*RECORDED INFORMATION*

= = = =

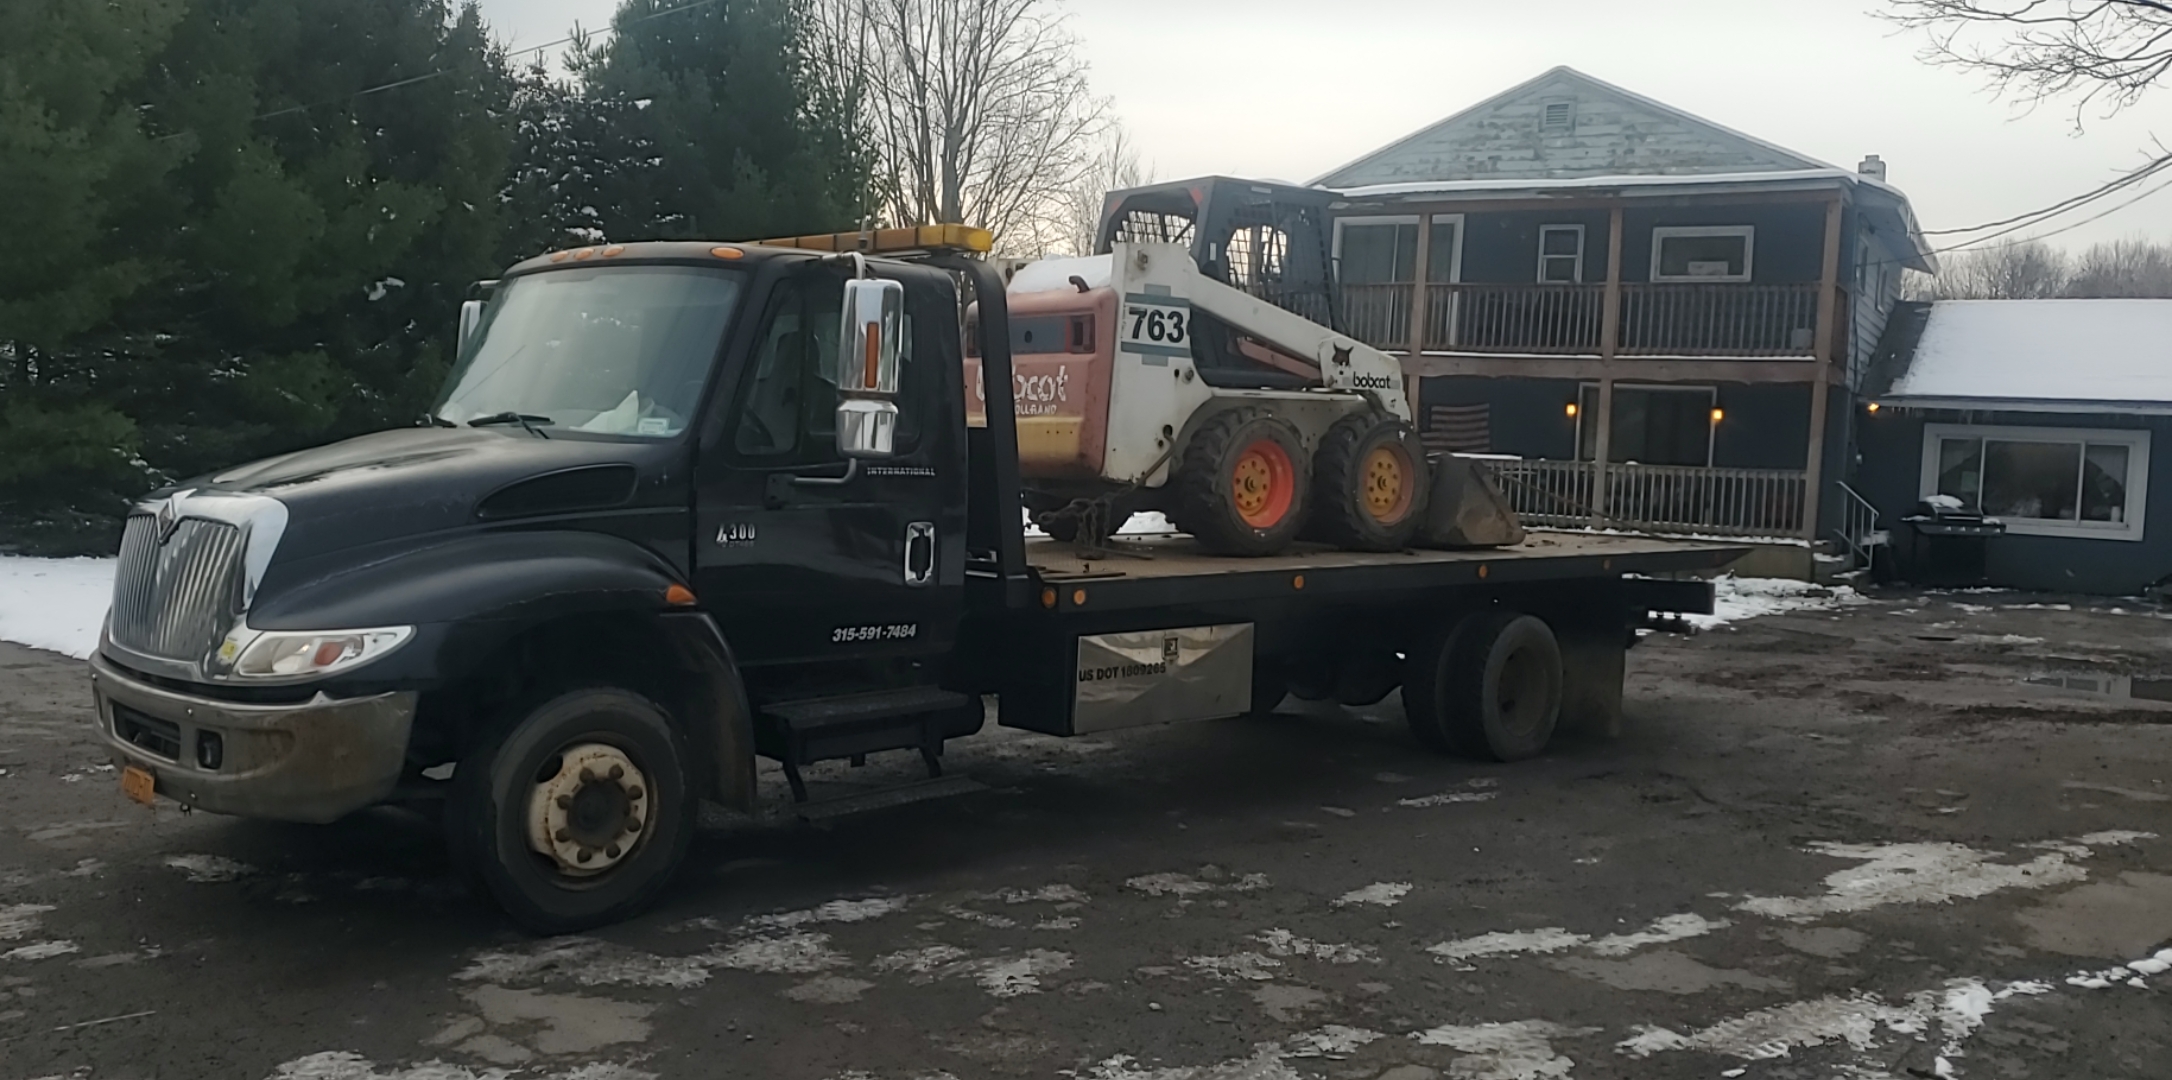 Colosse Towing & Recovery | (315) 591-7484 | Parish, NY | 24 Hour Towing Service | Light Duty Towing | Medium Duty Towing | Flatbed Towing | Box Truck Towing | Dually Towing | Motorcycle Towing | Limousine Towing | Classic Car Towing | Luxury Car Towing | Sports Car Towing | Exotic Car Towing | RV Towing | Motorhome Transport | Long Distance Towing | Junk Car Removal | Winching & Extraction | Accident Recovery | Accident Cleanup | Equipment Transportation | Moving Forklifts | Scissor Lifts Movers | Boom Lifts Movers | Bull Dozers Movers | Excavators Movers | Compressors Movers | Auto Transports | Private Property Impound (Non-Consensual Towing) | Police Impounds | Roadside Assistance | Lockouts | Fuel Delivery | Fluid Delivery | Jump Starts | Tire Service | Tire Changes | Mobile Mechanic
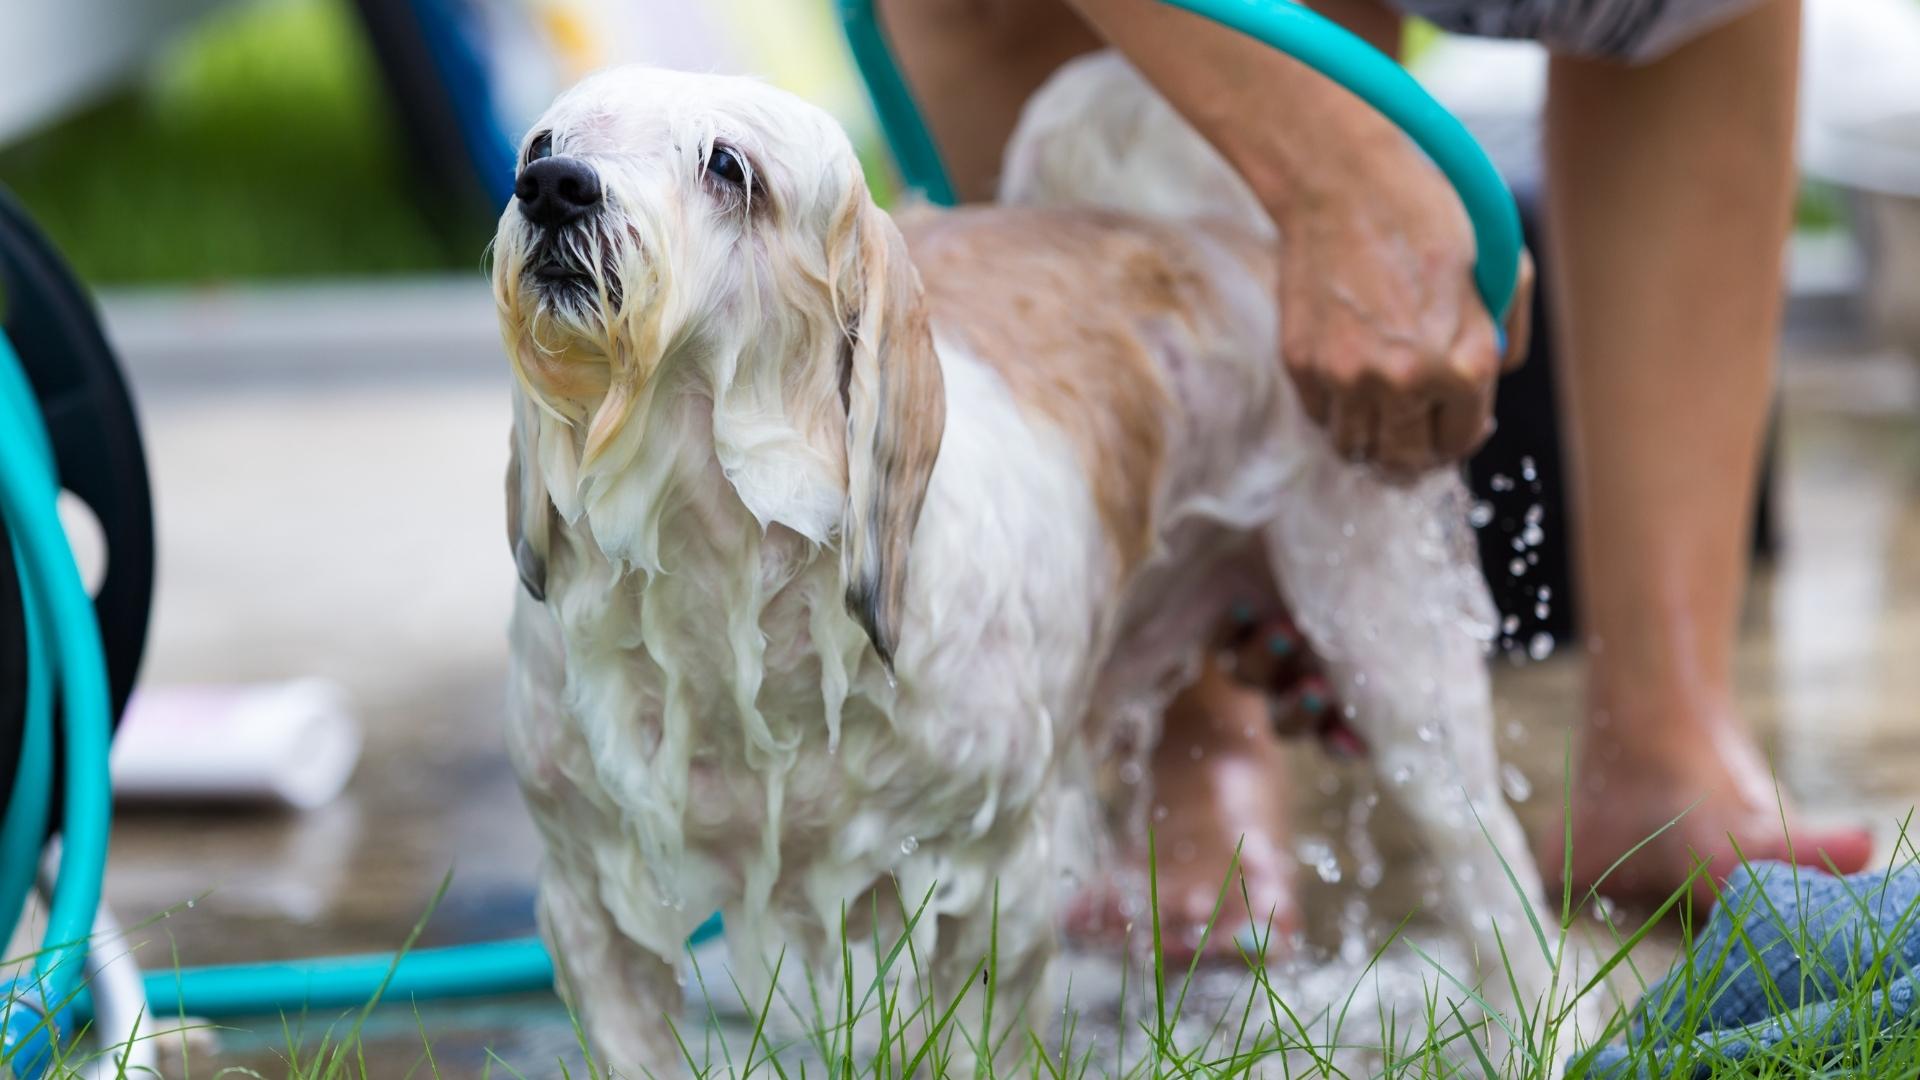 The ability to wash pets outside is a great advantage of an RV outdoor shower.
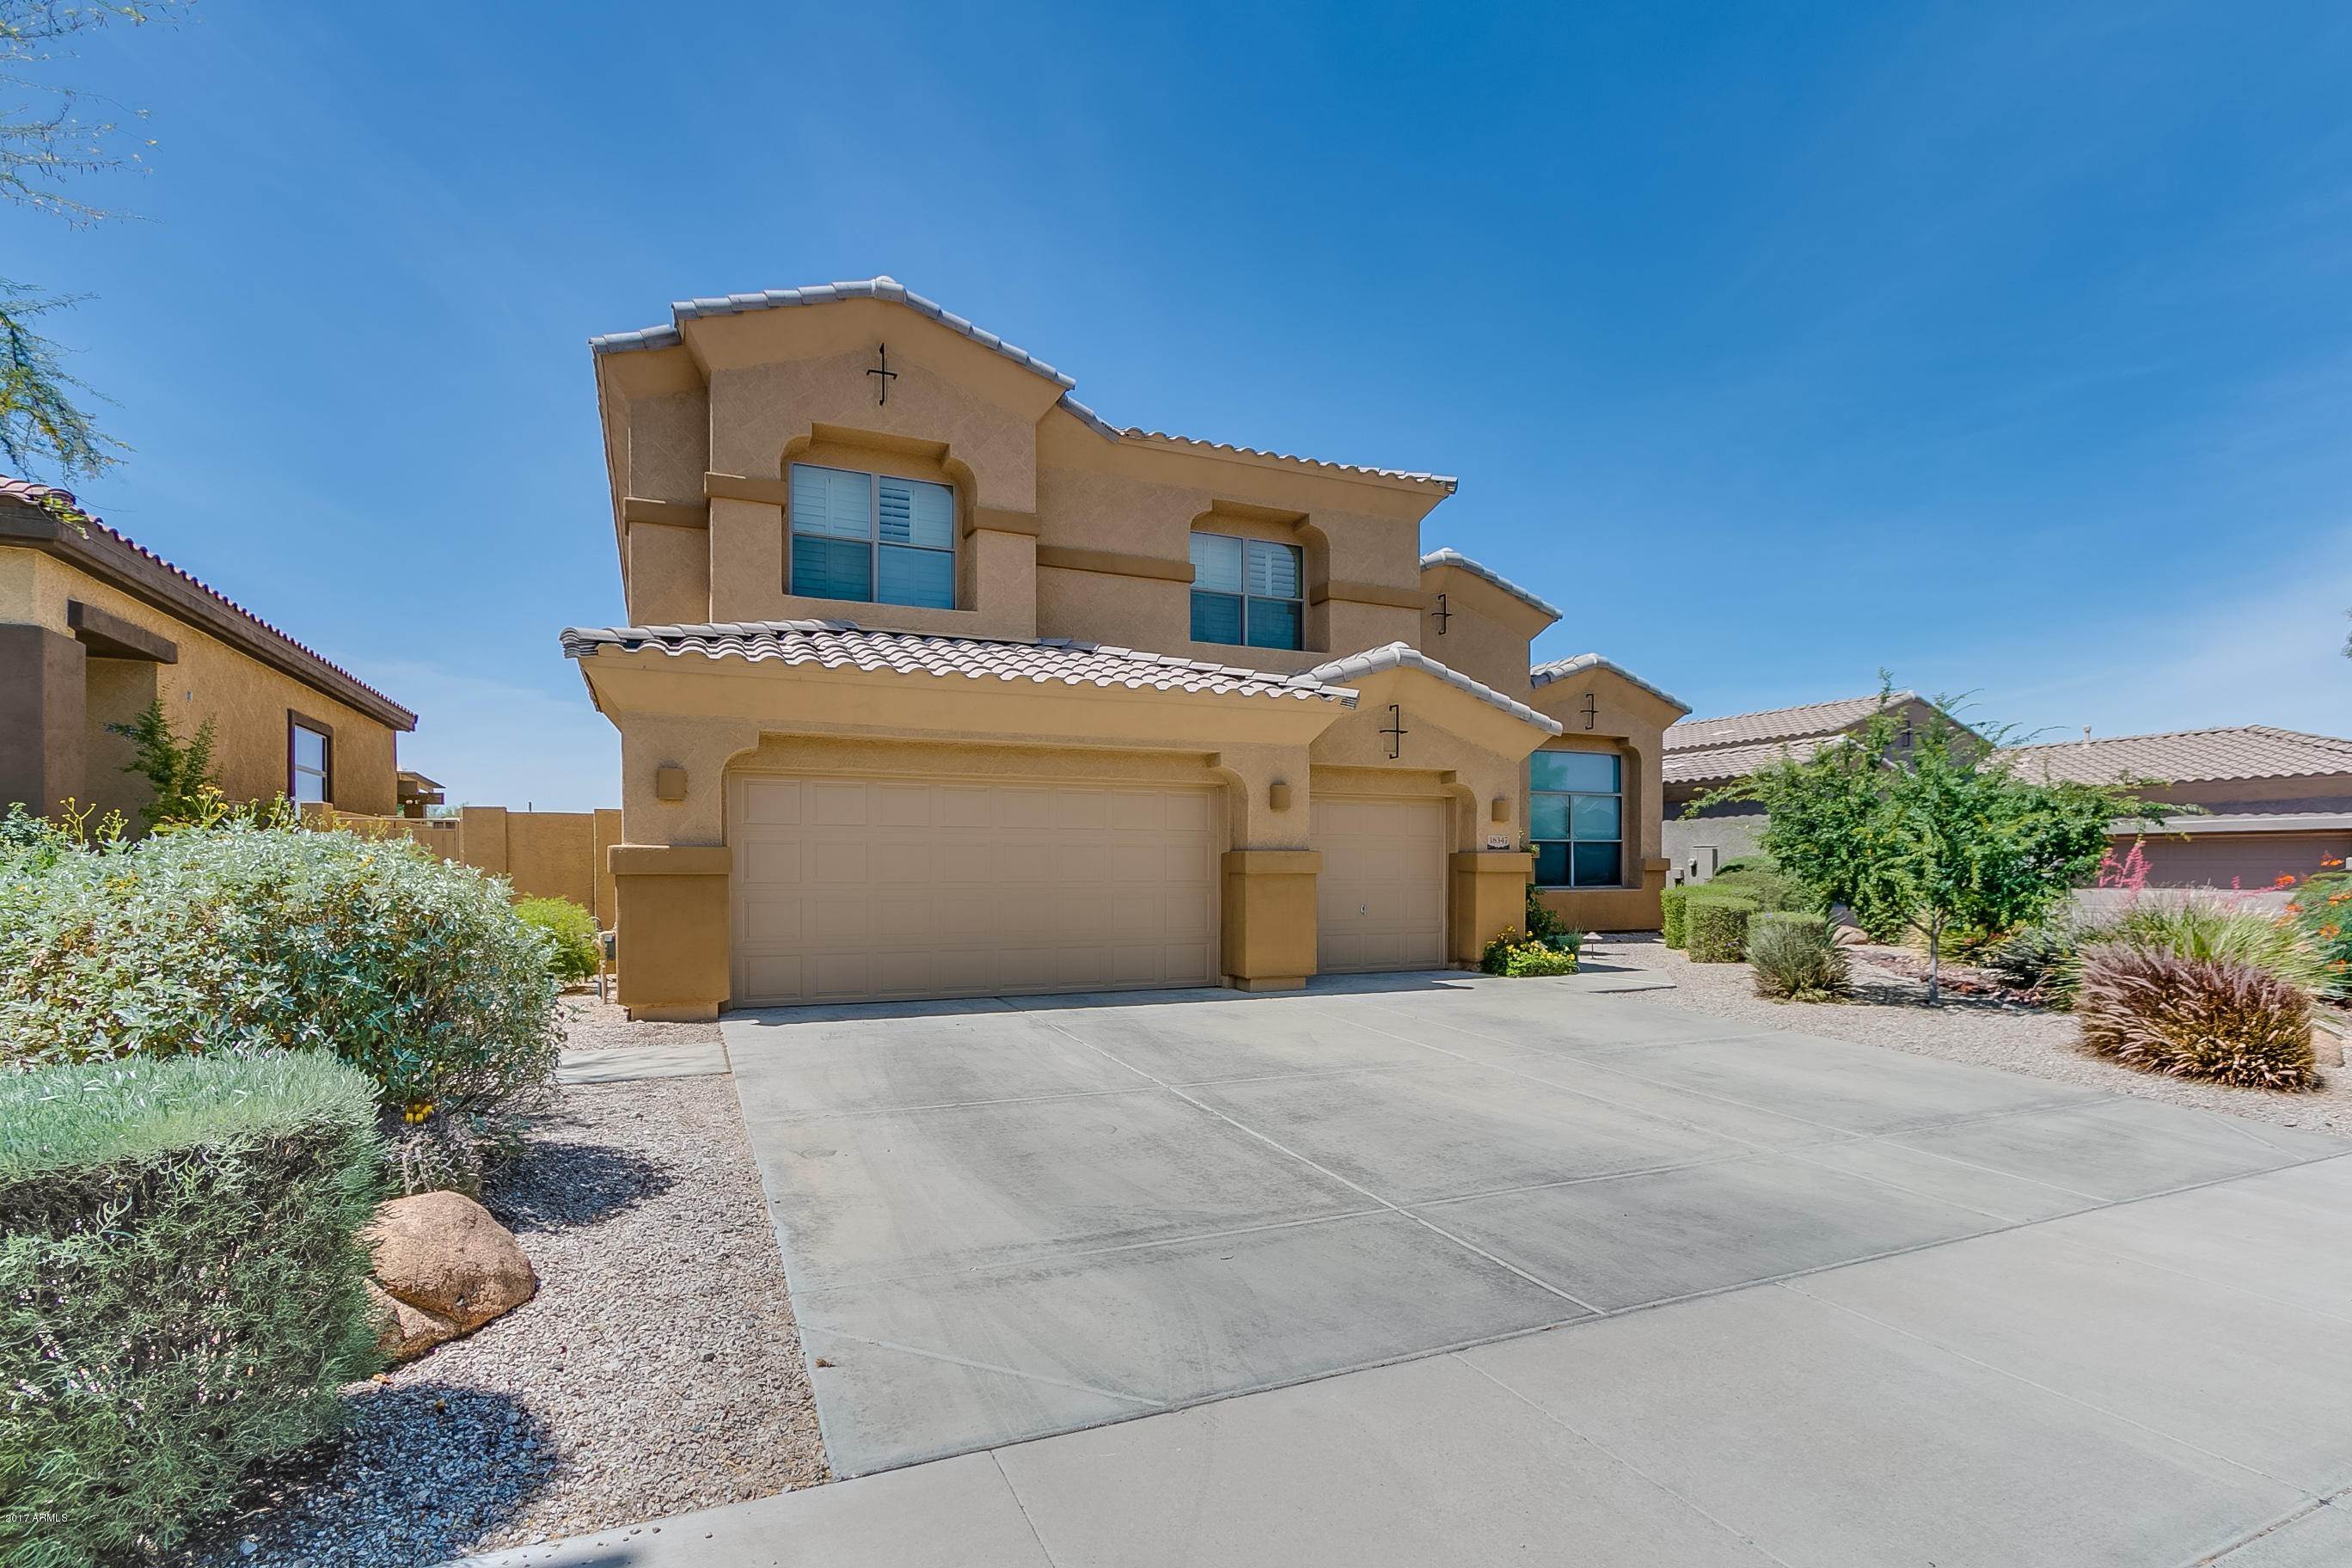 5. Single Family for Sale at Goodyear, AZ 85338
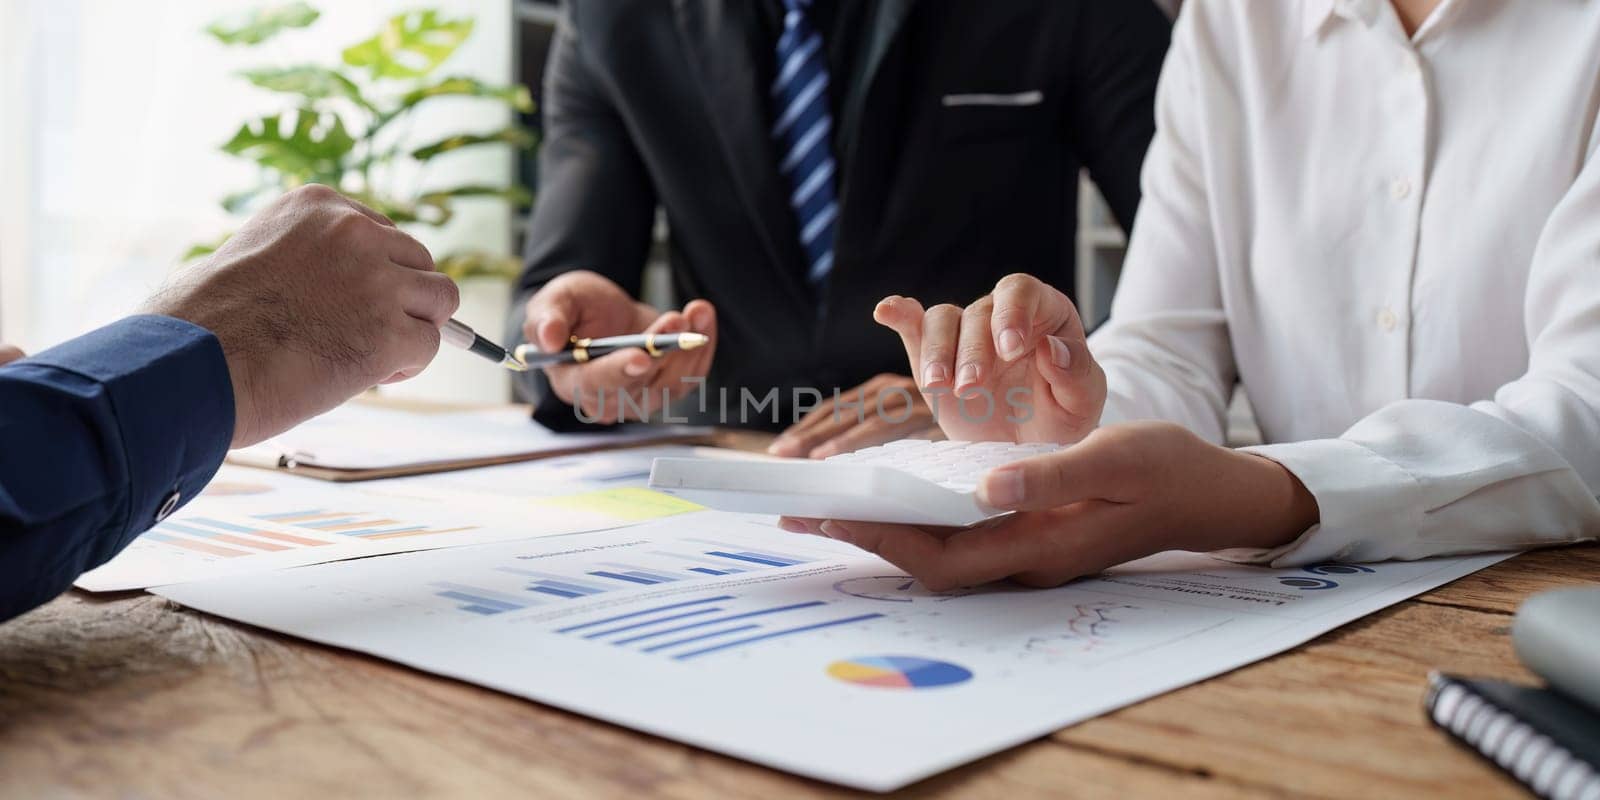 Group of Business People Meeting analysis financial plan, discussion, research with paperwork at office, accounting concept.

= = = =

*PROBLEM TO WORK ON*
Your copy should run from the line that has "5. Single Family" through the last line above, exactly, with both ends in and pictures out.

*FINISHED EXERCISE*
 5. Single Family for Sale at Goodyear, AZ 85338
 Group of Business People Meeting analysis financial plan, discussion, research with paperwork at office, accounting concept.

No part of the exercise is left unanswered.